Aim of the exercise | Find the line below with "Fauteuil ou chaise" and the line with "Đơn vị bán ( phân". Output them and the lines between, exactly, but not the pictures.

Data to process |
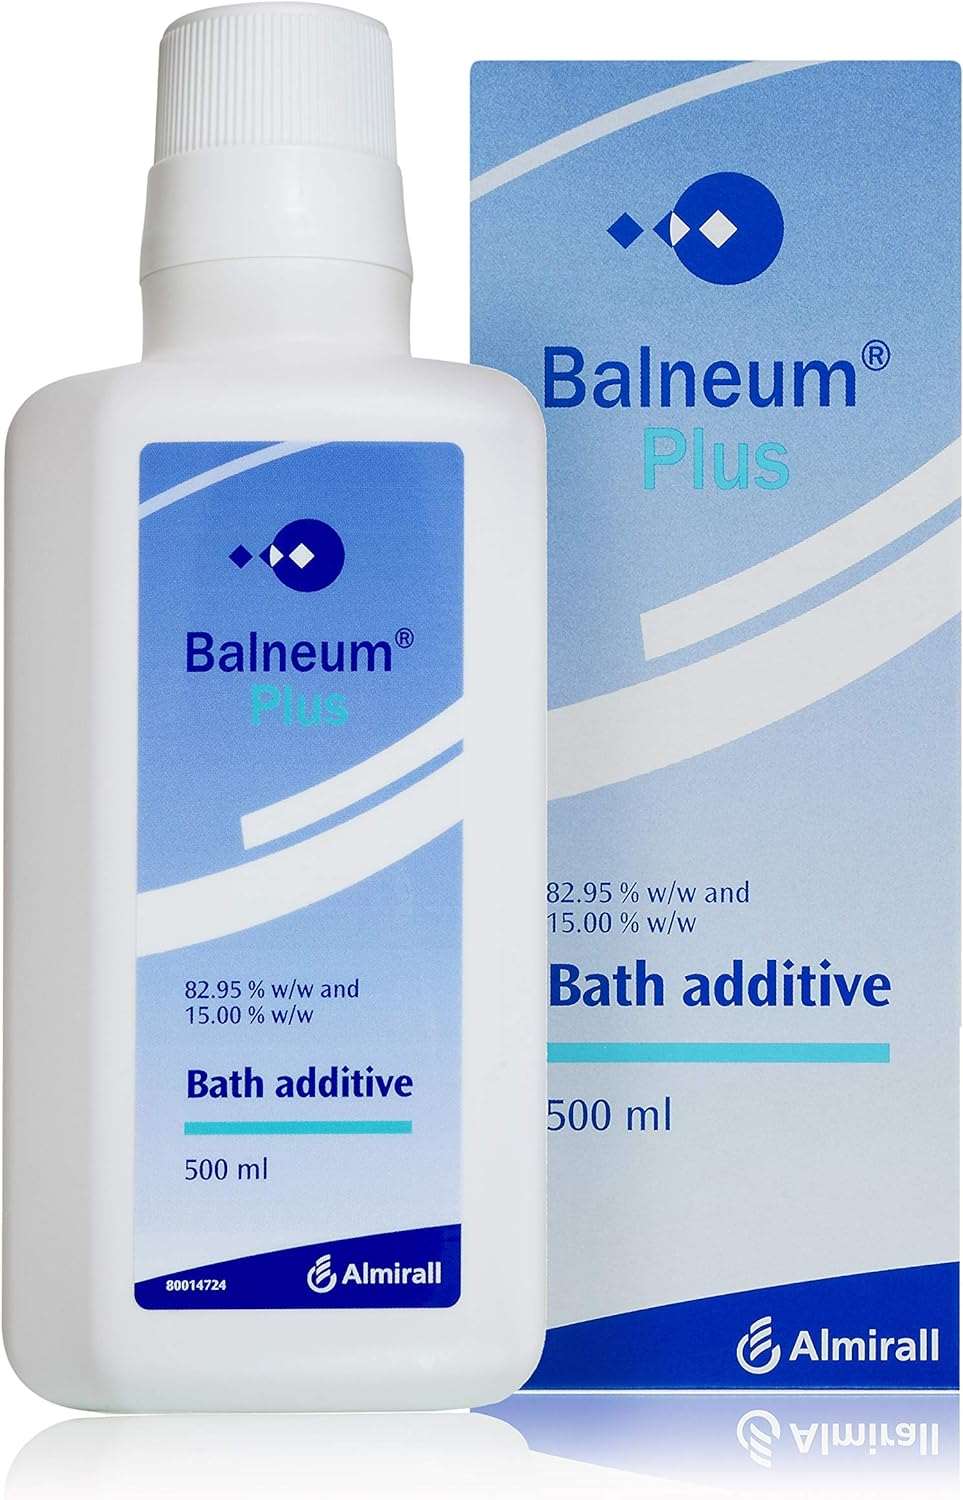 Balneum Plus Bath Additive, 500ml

...

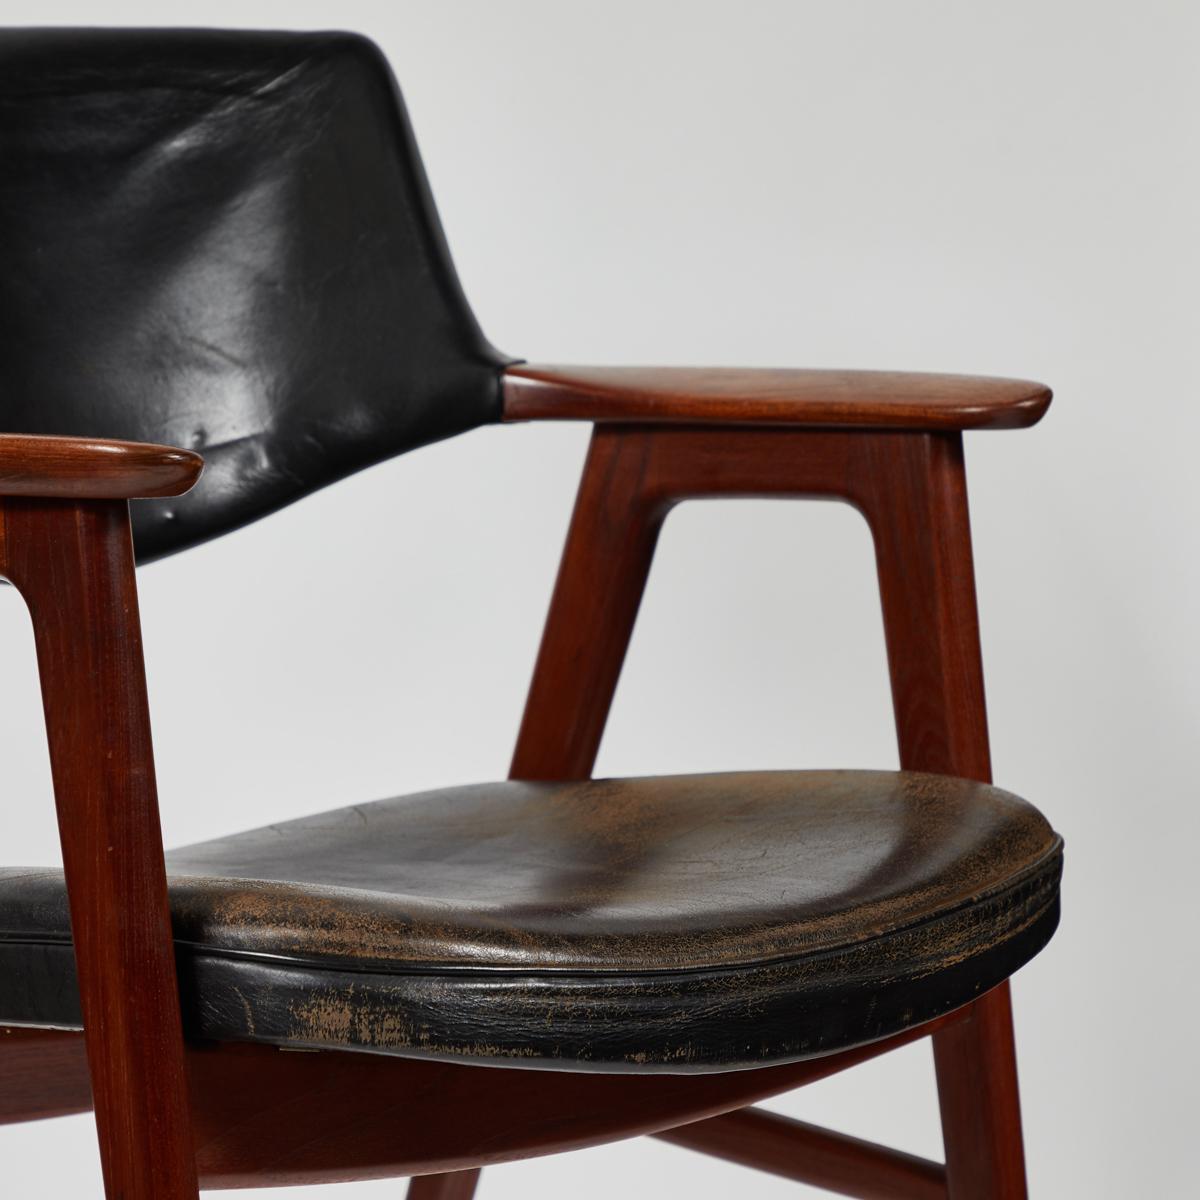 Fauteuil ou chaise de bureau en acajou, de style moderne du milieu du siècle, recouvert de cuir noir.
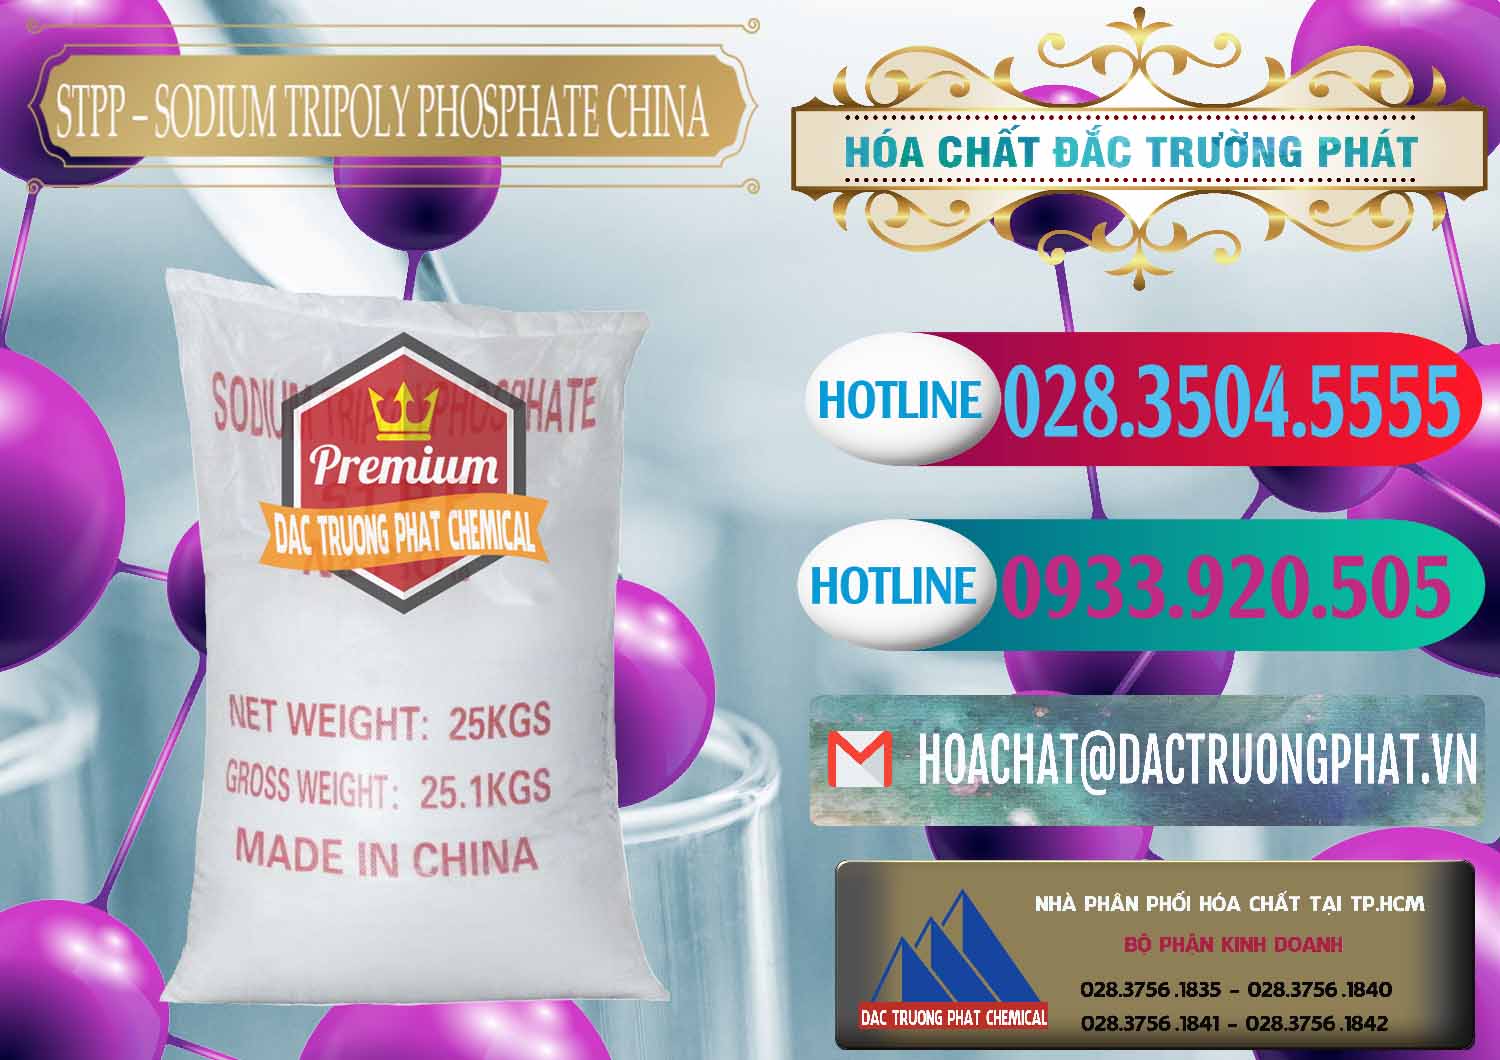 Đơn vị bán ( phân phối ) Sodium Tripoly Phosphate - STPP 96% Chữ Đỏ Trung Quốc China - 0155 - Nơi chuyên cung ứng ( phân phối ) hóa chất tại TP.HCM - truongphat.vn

Final answer |
 Fauteuil ou chaise de bureau en acajou, de style moderne du milieu du siècle, recouvert de cuir noir.
 Đơn vị bán ( phân phối ) Sodium Tripoly Phosphate - STPP 96% Chữ Đỏ Trung Quốc China - 0155 - Nơi chuyên cung ứng ( phân phối ) hóa chất tại TP.HCM - truongphat.vn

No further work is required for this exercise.